Prep VISAA Field Hockey Final: Falcons send seniors off with overdue state title
FREDERICKSBURG ACADEMY
FULFILLS LONG-TIME QUEST
BY JUSTIN RICE
VIRGINIA BEACH—For Fredericksburg Academy’s field hockey seniors, this was a win they’ve felt they had coming.
Some of those seniors played a small part as eighth-graders in the Falcons’ 2008 state title, but in the three successive seasons, it was a string of unhappy endings—state semifinal losses in 2009 and 2010, and last year’s 2–1 defeat in the Division 2 championship game.
Now the Falcons have the finish they’ve dreamed of.
“I’ve been here all four years on varsity, and all of those years we lost,” FA’s Allegra Massey Elim said through tears on Saturday. “This time we finally put it in and we finally won. I’m so happy.”
Fredericksburg Academy scored an early goal to take the lead and punched in two more after halftime, pulling away from Foxcroft for a 3–0 win Saturday in the VISAA Division 2 championship game. It’s the Falcons’ third state championship, this one coming around the 10th anniversary of their first, back in 2002.
Senior Catherine Estes—an eighth-grader on that 2008 title team—scored the first goal, and the Falcons controlled play against a team they’d beaten three other times this season.
“I didn’t feel like I earned that one,” Estes said about the 2008 title, when she was a late-season call-up to the varsity roster and didn’t see a lot of action. “I’ve been trying to lead this team to something I feel like I’ve earned and something I was really a part of. And we finally did it.”
The Falcons used the same formula they’ve used all season: score early and tenaciously defend their circle.
The defending part came easily: The only goals FA has allowed this season were in its lone loss to Division 1 state runner-up St. Catherine, and in Friday’s state semifinals against Covenant. On Saturday, Foxcroft managed just four on-target shots and two second-half corners.
Falcons coach Karen Moschetto called Estes’ early goal a hallmark of this year’s team, estimating that her team has scored in the first five minutes of 85 percent of its games.

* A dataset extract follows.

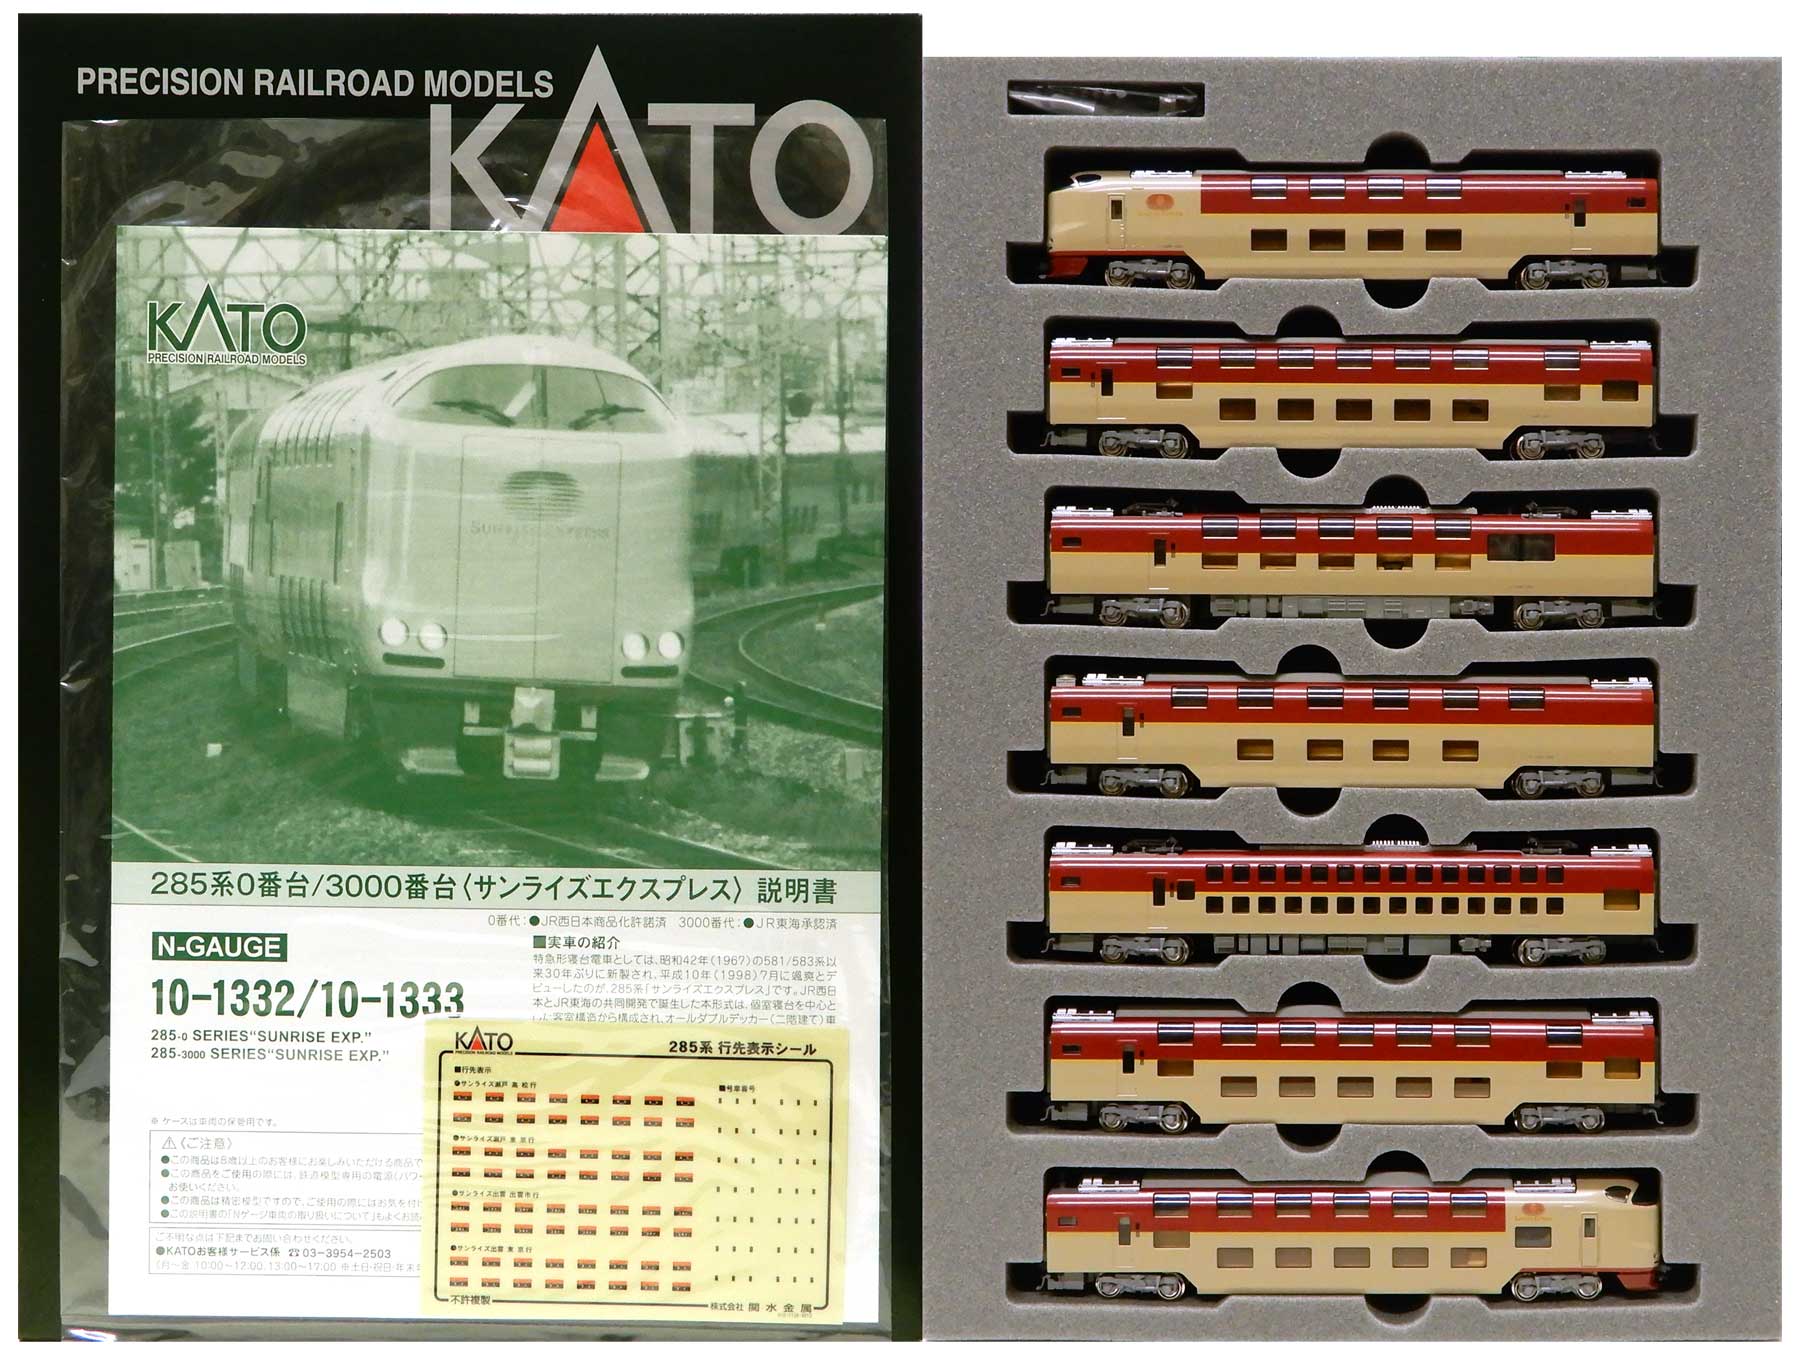 KATO Nゲージ 285系 0番台 サンライズExp 7両セット 10-1332 鉄道模型 ...

“It serves to motivate us and put us at ease,” she said, “and you put the other team on its heels right away.”
FA repeated the feat in the second half, getting a goal from Kirstie Harry less than three minutes out of the break. The lead grew to 3–0 on Sara Eadie’s score with 8:19 to play.
“We knew what Foxcroft was going to bring to the table,” FA’s Meghan Norair said. “We just had to surpass their intensity and we came out with fire.”
It almost seemed an easy task to clear the final hurdle, except when one considers where FA was at the start of August. The Falcons graduated five starters from last year’s state runner-up team, and barely had enough players to practice when workouts began.
“I thought we had our work cut out for us,” Moschetto said. “We had to go out and recruit kids to come out and play. I just thought we had too many holes to fill.
“This team just hung together all year, and with every game they got more comfortable with themselves.”
And as the team celebrated, many of the seniors did so with tears in their eyes, remembering all the other seasons when it didn’t end the way FA had hoped. But that’s not the case this fall.
“It’s every thing I thought it could be,” Massey Elim said with an ear-to-ear smile.